Legends of the fall
Ivan Maisel of ESPN.com has compiled a list of eight “faces of the game” for college football. The four players and four coaches who have “defied the ravages of time.”
It’s an impossible task, really. You might be able to work up a reasonable list of four coaches more epic than others, but four players? Forty players would be a massive undertaking.
But if you go only four deep, the list had better be pristine. The quartet had better be unassailable. And I don’t think this one is.
Maisel’s coaches are Notre Dame’s Knute Rockne, Alabama’s Bear Bryant, Penn State’s Joe Paterno and Florida State’s Bobby Bowden. You can argue that others deserve to be on the list, but I’ve got no beef with any of them. Rockne began the Notre Dame tradition. Bryant elevated college football into the Southern monster it is today. Paterno and Bowden have been coaching since John Quincy Adams was in the White House and both might get to 400 wins.
The players? Well, I have only one complaint.
It’s not Red Grange, Illinois’ Galloping Ghost who was a mythical star in the 1920s. Babe Ruth, Jack Dempsey, Bobby Jones, Bill Tilden, Red Grange. Those were the American superstars of the day, and there really hasn’t been a college football rise to such status since.

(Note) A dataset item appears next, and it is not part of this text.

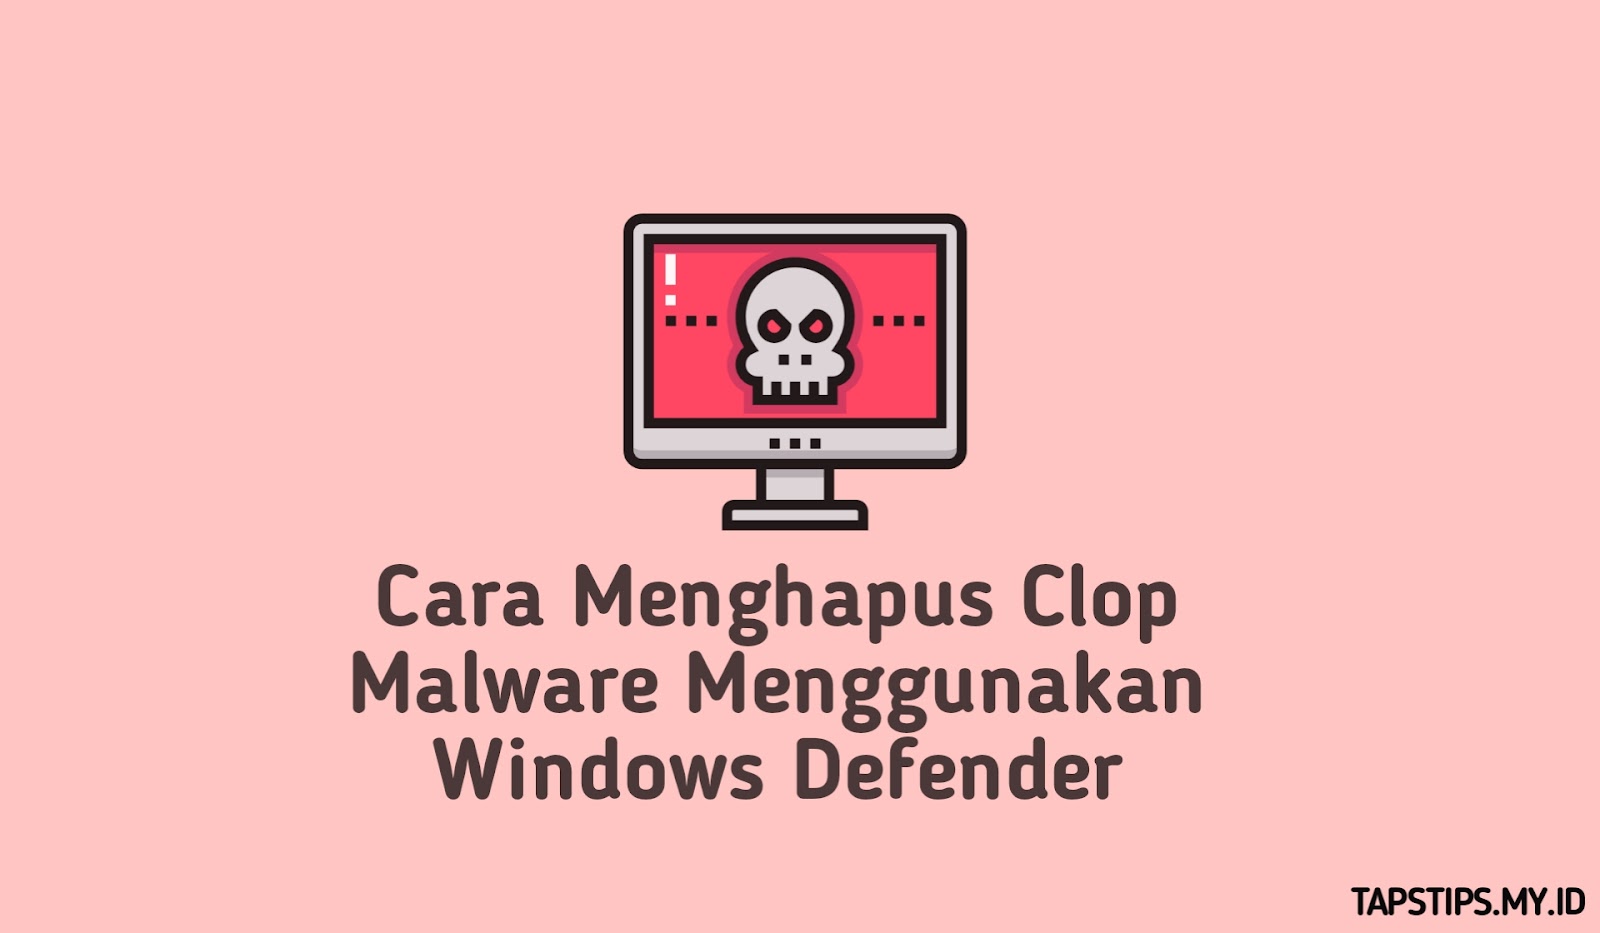 Cara Menghapus Clop Malware Menggunakan Windows Defender

Maisel picked Herschel Walker, and again, I can’t disagree. Walker quite likely was the best college tailback of all time. Marcus Dupree who didn’t get homesick. Adrian Peterson who didn’t get hurt. Eric Dickerson who didn’t have to share time with Craig James. Earl Campbell who was fed the ball from the day he stepped on campus.
Maisel also chose Tommie Frazier, Nebraska’s optioneer from the 1990s, and that’s quite an intriguing choice. The option is one of the quirky charms of college football; not so much now but most definitely in the ’90s and before. Frazier was a fantastic option quarterback. Better than Jack Mildren. Better than Turner Gill. Better than them all. And Frazier’s Nebraska teams were spectacularly dominant. Frazier’s junior year, the Huskers ended their bowl jinx with an upset of Miami in the Orange Bowl. His senior year, the Huskers blasted Florida 62-24 in the Fiesta Bowl (and you thought only Oklahoma and Ohio State got rolled in national title games). I might never have thought of Frazier for such an exclusive list, so salute Maisel for an inspired pick.
But I can’t buy his final face of college football. Ohio State’s Archie Griffin. The Buckeye tailback won back-to-back Heisman Trophys, 1974 and 1975, and that’s the sum total of his campaign for this list. Was he spectacular? No. He was solid. Very solid. Unbelievably solid. But this is not a solid list. Was Griffin groundbreaking in any way? A trailblazer? No. Did he win big? No. Ohio State had zero national championships in his career. Did Griffin come up huge in big games? Probably, in games huge to Ohio State and Michigan, but not on any kind of national scale. The truth is, Griffin is on this list solely because of the Heisman Trophy, and while the Heisman, like the option, is one of those quirky charms of college football, it’s time we quit taking it so seriously. The voters from 1974 and 1975 were no more qualified to rank the sport’s best players than the voters of today. In fact, they were far less qualified. Heisman voting is FAO; for amusement only. It’s a little piece of evidence we can use, but only a little.